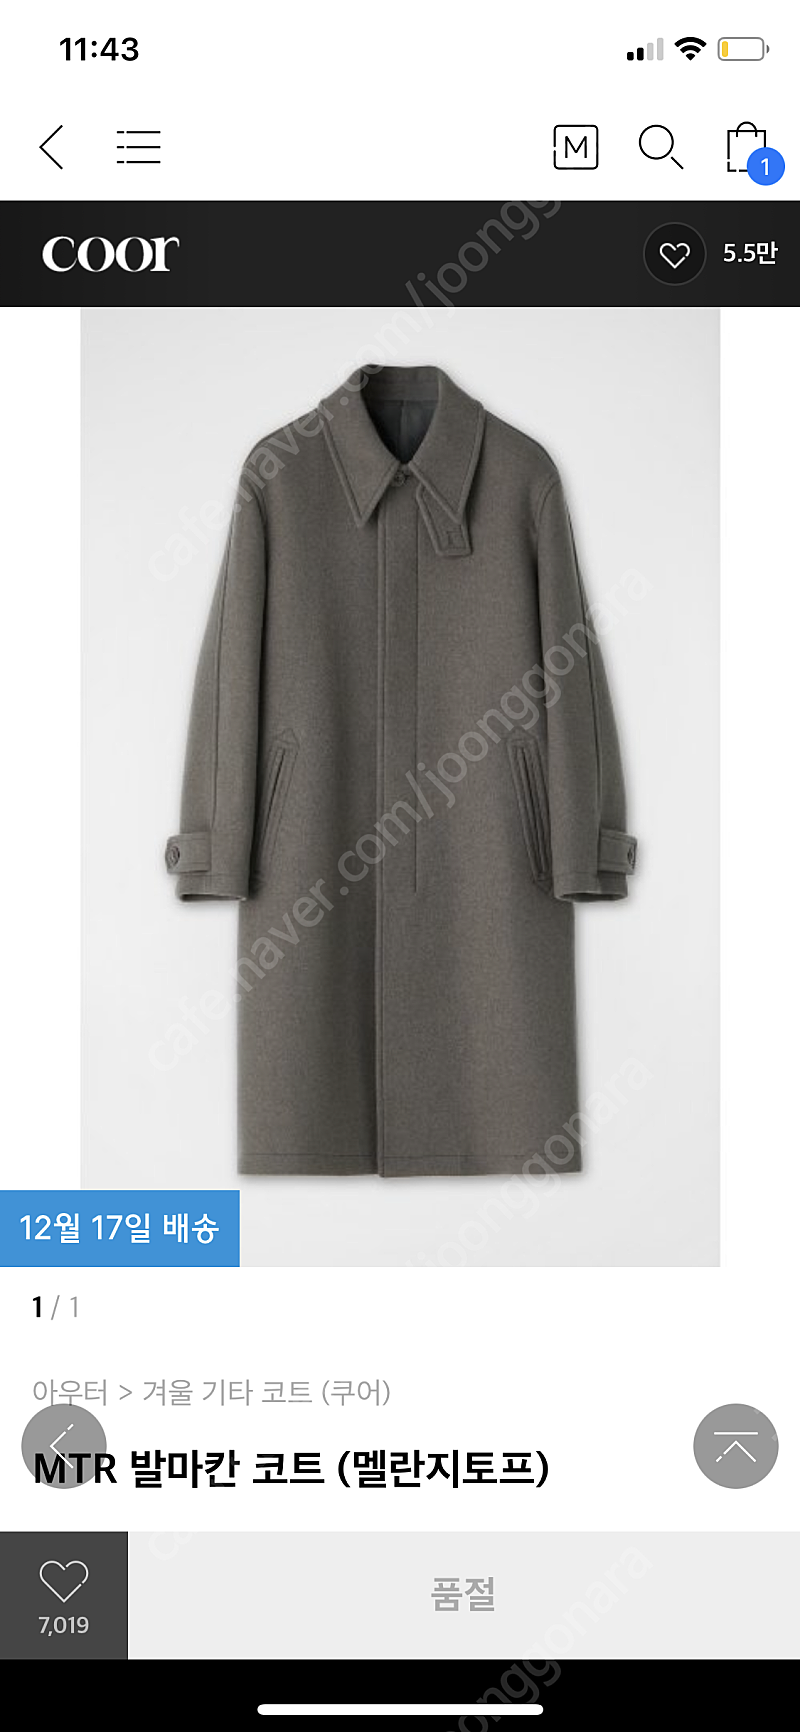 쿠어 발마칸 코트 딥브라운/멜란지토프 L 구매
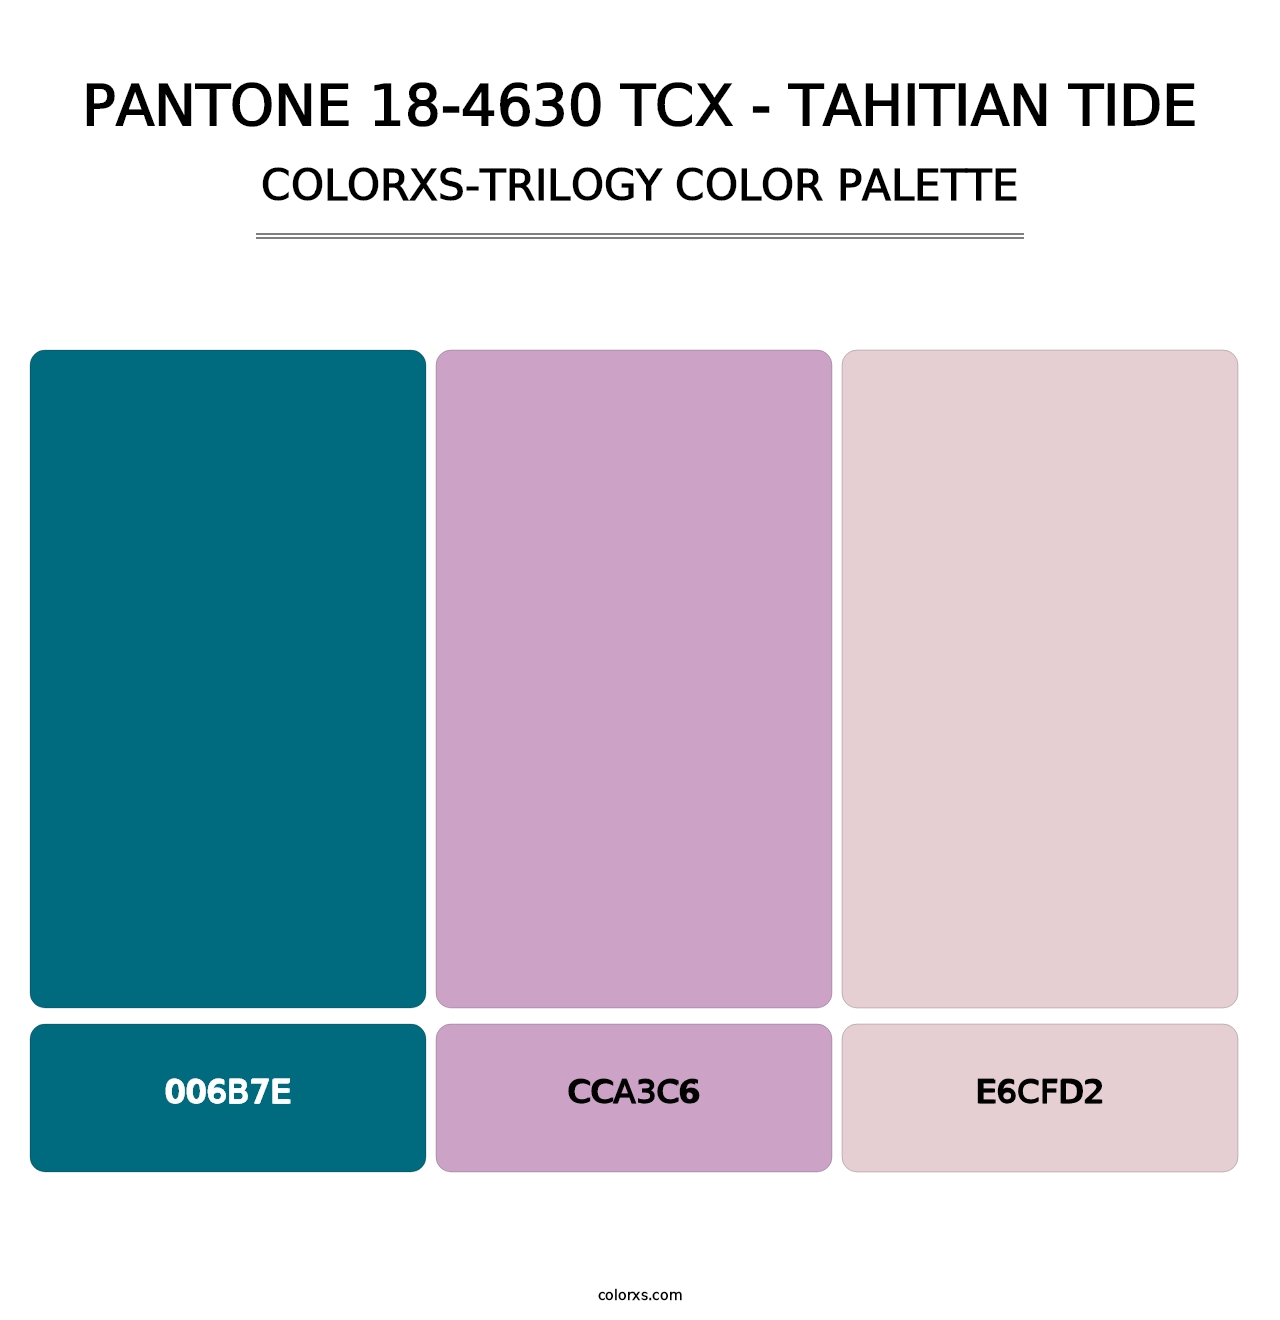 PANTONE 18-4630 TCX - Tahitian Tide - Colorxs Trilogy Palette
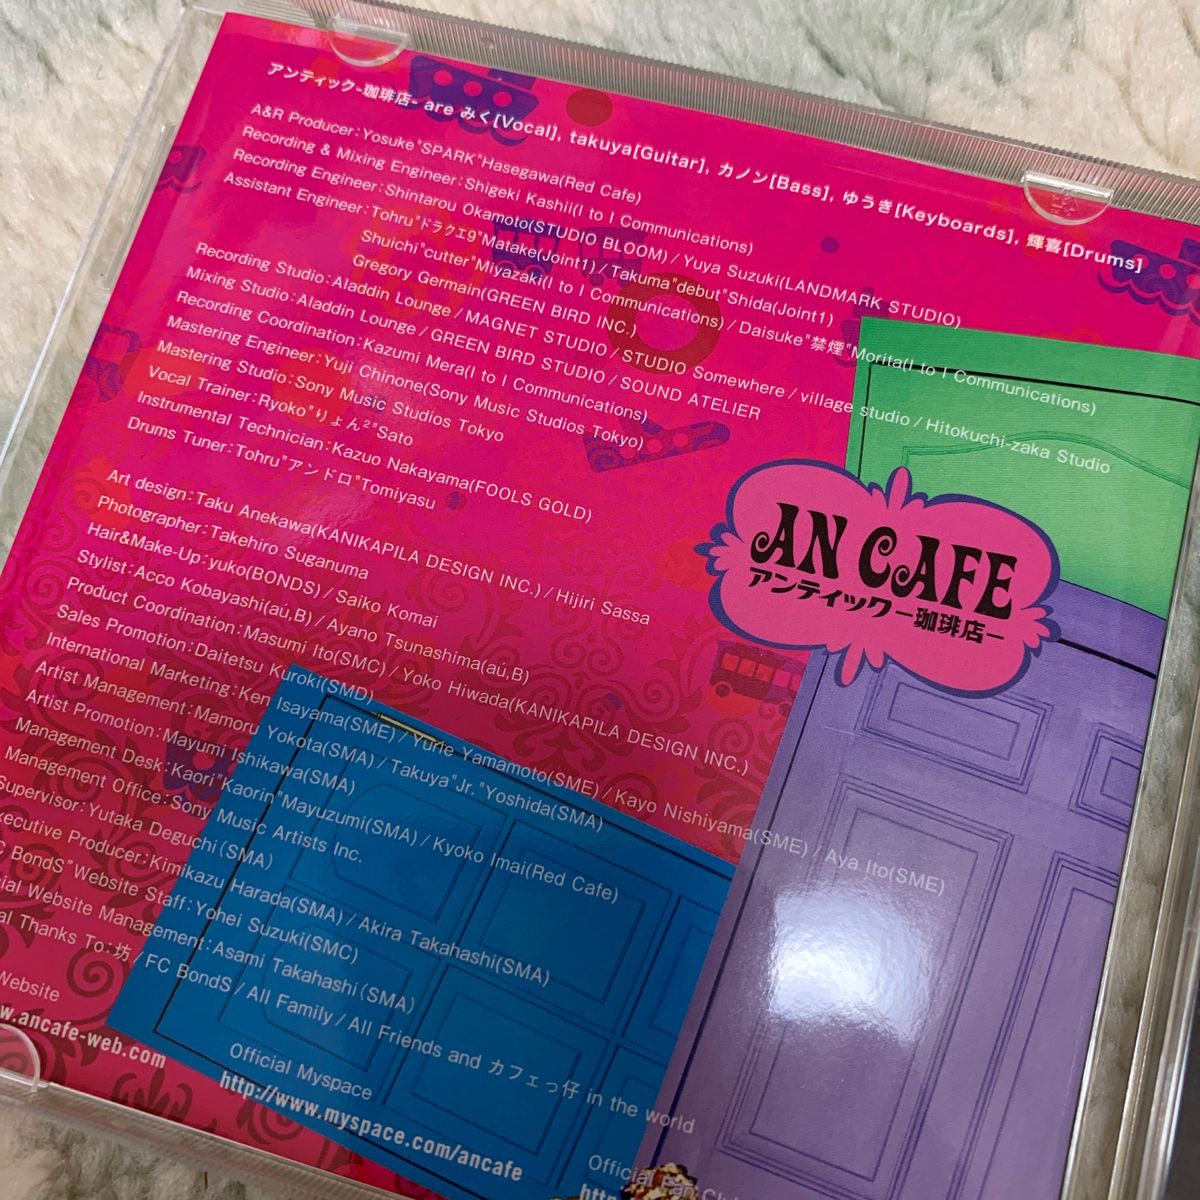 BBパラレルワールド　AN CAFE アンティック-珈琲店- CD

========================

> [Instructions to follow]:
The result should be the same data as above, line for line, with the pictures gone.

> [Final answer]:
 쿠어 발마칸 코트 딥브라운/멜란지토프 L 구매
 PANTONE 18-4630 TCX - Tahitian Tide - Colorxs Trilogy Palette
 BBパラレルワールド　AN CAFE アンティック-珈琲店- CD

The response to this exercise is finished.